Essential trace elements are very important for the proper functioning of living organisms, such as growth and maintenance, neuromodulation, and regulation of cellular function, and thus their deficiency is associated with an enormous health risk that can ultimately lead to death . Zinc (Zn) is an essential trace element for plants, microorganisms, animals, and humans and plays numerous central roles in structure and function of proteins, metabolism of RNA and DNA, signal transduction, gene expression, and regulation of apoptosis . Zn deficiency affects nearly two billion people in the developing countries and is associated with many diseases, including depressed growth, diarrhea, impotence and delayed sexual maturation, alopecia, eye and skin lesions, impaired appetite, altered cognition, impaired host defense properties, defects in carbohydrate utilization, and reproductive teratogenesis [3, 4]. Zn deficiency is usually caused by insufficient dietary intake but can be associated with many diseases, such as malabsorption, acrodermatitis enteropathica, chronic liver disease, chronic renal disease, sickle cell disease, diabetes, malignancy, and other chronic illnesses . Zn supplements help prevent disease and reduce mortality, especially among children with low birth weight or stunted growth. Zn supplements include Zn chloride and Zn sulfate (ZnSO4) as inorganic salts for parenteral administration, Zn gluconate, Zn gluconate/glycine, Zn acetate, and Zn propionate as salts of organic acids for oral usage, and Zn-enriched yeast (ZnY) or Zn-enriched grains as biologically organic forms for oral intake .
ZnY, a biological source of Zn with rich proteins, peptides, and amino acids, is naturally integrated by the growing yeast into its own structure to improve the bioavailability of Zn and reduce the side effects of Zn. ZnY is used as the raw material of foods, functional foods, and medicines, such as dairy products, biscuits, beverages, and flour. So far, only two studies of ZnY reported that ZnY was more bioavailable than Zn gluconate in rat liver and human [6, 7]. The purpose of the present investigation was to compare and evaluate pharmacokinetics and biodistribution of ZnY and ZnSO4 in rats.
2. Materials and Methods
ZnY was provided by Angel Yeast Co. Ltd. (Yichang, Hubei, China). ZnSO4 was obtained from Sigma Aldrich (St. Louis, MO, USA). Nitric acid and perchloric acid were the guaranteed reagents. All other reagents were of analytical grade and obtained through commercial sources.

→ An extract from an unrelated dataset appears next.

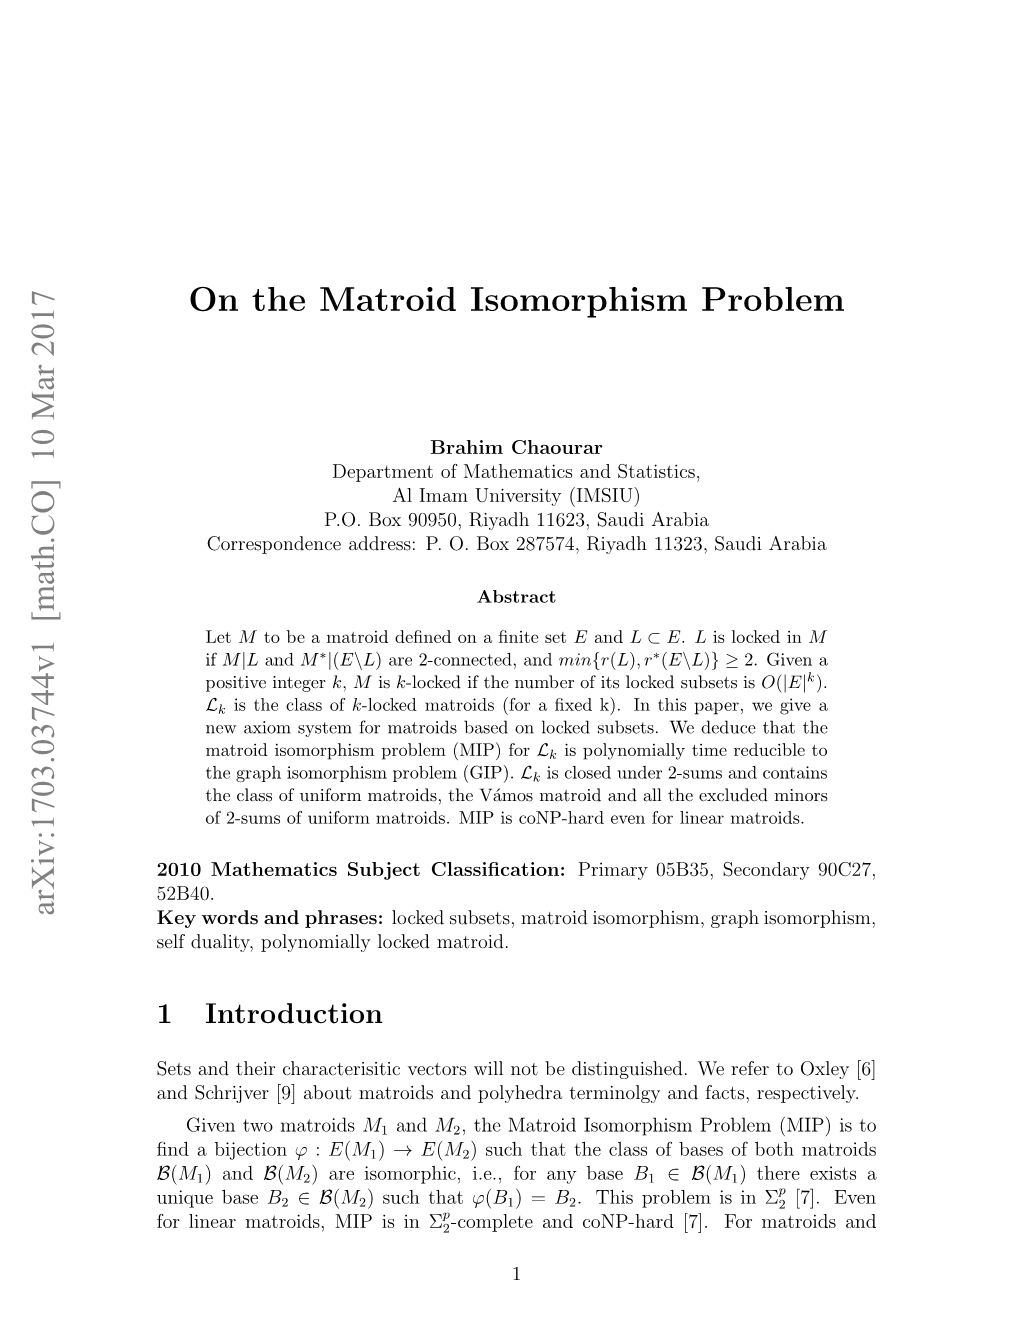 On the Matroid Isomorphism Problem

2.2. Pharmacokinetics and Biodistribution
All procedures involving animals were approved by our Institutional Animal Care and Use Committee. Adult Sprague-Dawley rats, weighing 250 ± 11 g, were obtained from Jackson Laboratory (Bar Harbor, ME, USA) and housed in standard cages and allowed free movement and access to food and water during the whole experiment. The rats were randomly assigned into two groups and orally given either ZnY or ZnSO4 at a single dose of 4 mg Zn/kg. At designated time-points, blood was collected in a heparin-coated tube and plasma was separated by centrifugation at 5,000 g for 10 min. Supernatant was then transferred to a clean tube and immediately stored at −80°C until analysis. Immediately after the last time-point blood collection, rats were sacrificed using carbon dioxide and tissues (liver, heart, pancreas, spleen, kidney, and bone) were immediately excised. All tissue samples washed with tridistilled water were frozen at −80°C until analysis.
2.3. Zn Determination
Zn levels in plasma, liver, heart, pancreas, spleen, kidney, and bone were determined using inductively coupled plasma-optical emission spectrometry (Model 720, Agilent Inc., CA, USA). Samples were prepared as follows: 100 μL of plasma or weighted tissue specimen was pretreated with the mixture of nitric acid and perchloric acid (20 : 1, v/v) overnight and heated at the temperature of 180–200°C until samples were completely digested, that is, until the solutions were colorless and clear. The remaining acid solution was cooled and diluted with tridistilled water to an appropriate concentration for the assay. Quality control samples were employed for the validation of analytical method and the analytical error was less than 11%.
2.4. Data Analysis
Pharmacokinetic parameters of ZnY and ZnSO4 were calculated using noncompartmental analysis of WinNonlin software (Version 5.2.1, Pharsight Corp., Mountain View, CA, USA). Results are presented as mean ± standard deviation (SD). The comparison for difference between parameters or between groups was analyzed using one-way analysis of variance (ANOVA). Differences were considered statistically significant at .
3. Results and Discussion
Although food is the major source of Zn, low Zn content in diet and many adverse nutritional factors are barriers to prevention and treatment of Zn deficiency [8, 9]. Zn chloride, ZnSO4, and Zn oxide are often employed for food fortification; however there are serious shortcomings for those compounds. Zn chloride causes some adverse effects, ZnSO4 renders unpalatable flavor, and water-insoluble Zn oxide precipitates in liquid foods; therefore, those compounds are used only in low quantities and in solid foods. ZnY has high solubility and a soft taste, and it does not modify the sensorial characteristics of food.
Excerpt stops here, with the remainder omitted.